Wie beinahe jede Woche, findet auch kommenden Dienstag auf Twitter der #EdChat statt — eine durch Leitfragen begleitete Diskussion rund um Bildungsthemen, mit der man als Lehrender prima seinen Horizont erweitern kann. Diesmal dreht sich alles um

„Ist Geiz geil? – Kostenloskultur in der Bildung“

und ich bin vorab zum Beantworten von fünf Fragen eingeladen worden. Mache ich doch glatt!

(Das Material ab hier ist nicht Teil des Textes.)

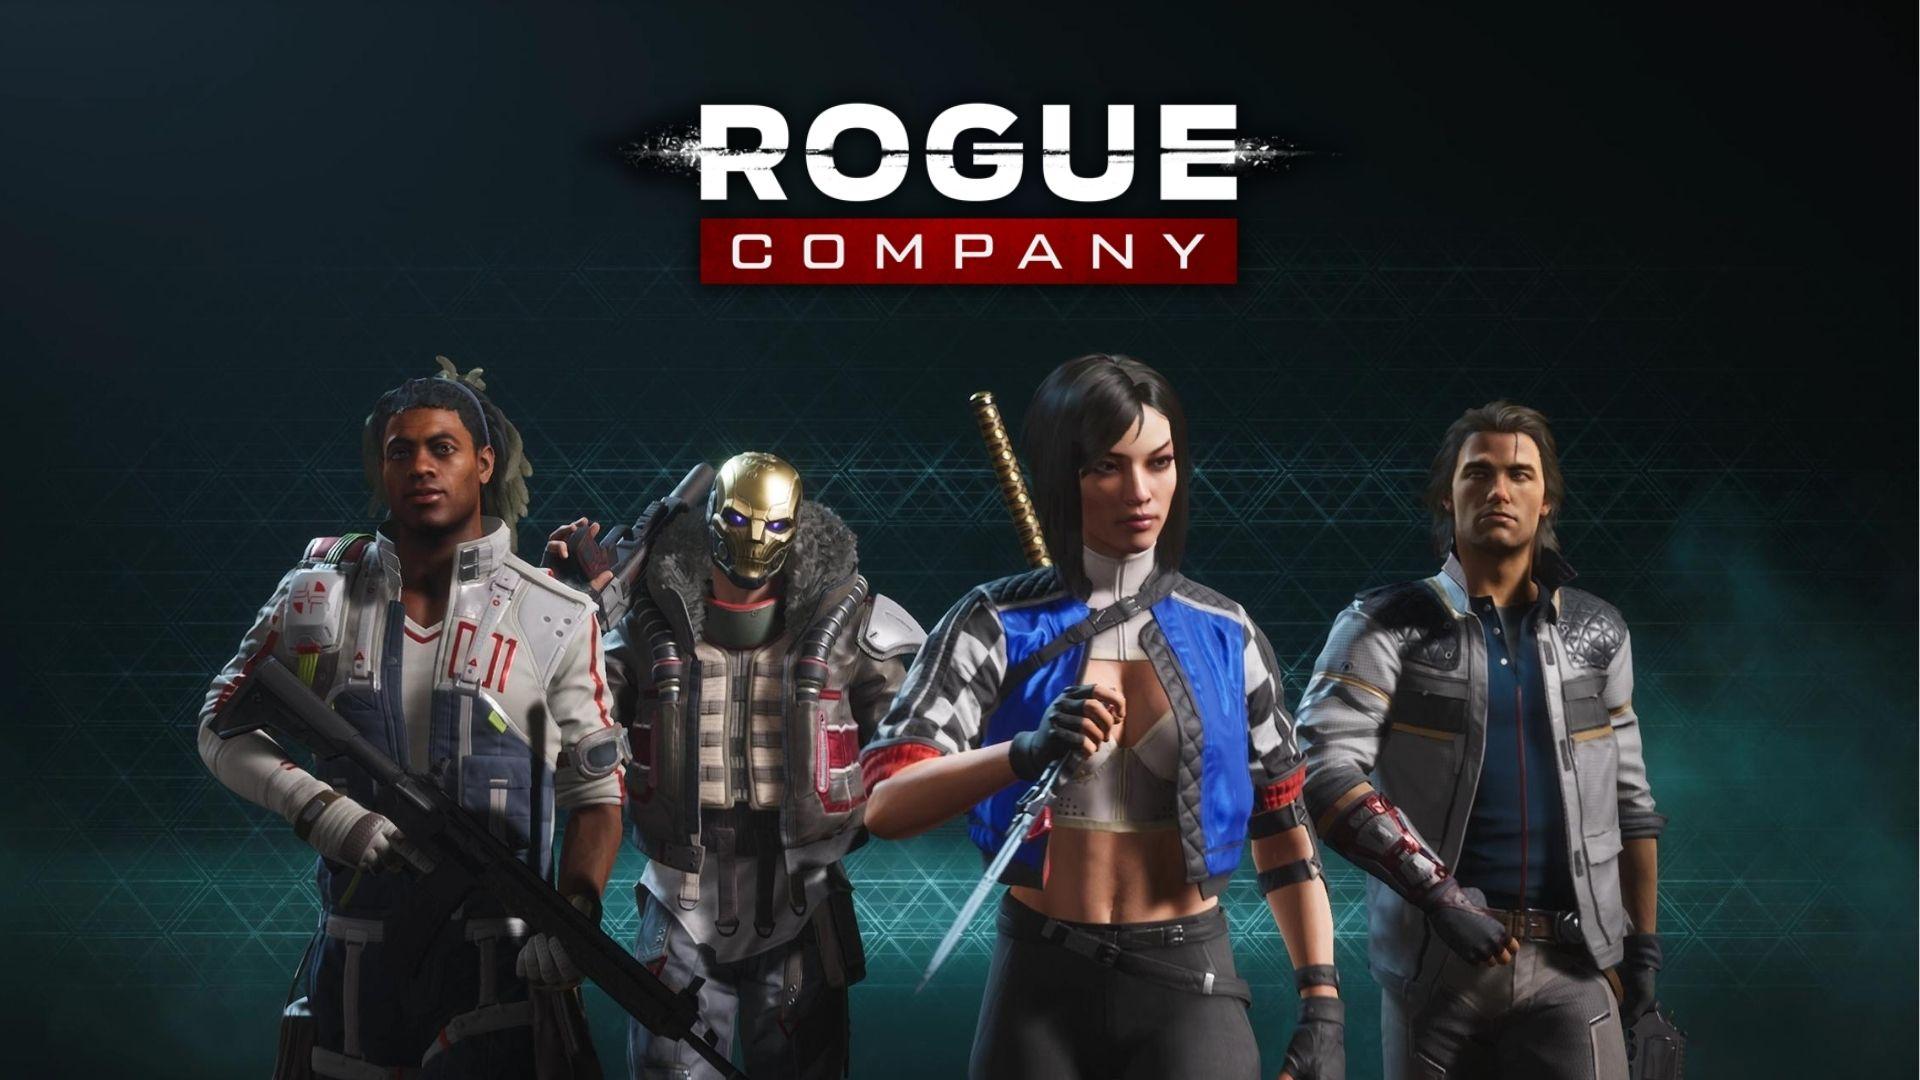 Rogue Company: Rogue Edition

Was waren die letzten 3 Bildungsressourcen (Materialien, Bücher, Kurse, Workshops, Konferenzen, Devices/Hardware…), die Du kostenlos bekommen und verwendet hast?

Die letzten drei? Puh, das ist ehrlich schwer zu sagen, weil ich quasi täglich über mehrere freie Bildungsressourcen stolpere. Viele (Micro-)Blogger aus der Edu-Szene bereichern meinen Arbeitsalltag ja mit Inhalten und Gedanken, über die ich nachdenken kann und die ich dann mündlich weitertrage — Texte, Arbeitsblätter oder ähnliche Dinge, bei denen ich auf OER zurückgreife, erstelle ich eher selten. Häufiger verweise ich die TeilnehmerInnen unserer Workshops hingegen auf Videos zum „Nachschlagen“ oder nutze sie, um damit die erste Phase im Flipped Classroom zu gestalten, so geschehen in „Ausflügen in die Welt der digitalen Medien“.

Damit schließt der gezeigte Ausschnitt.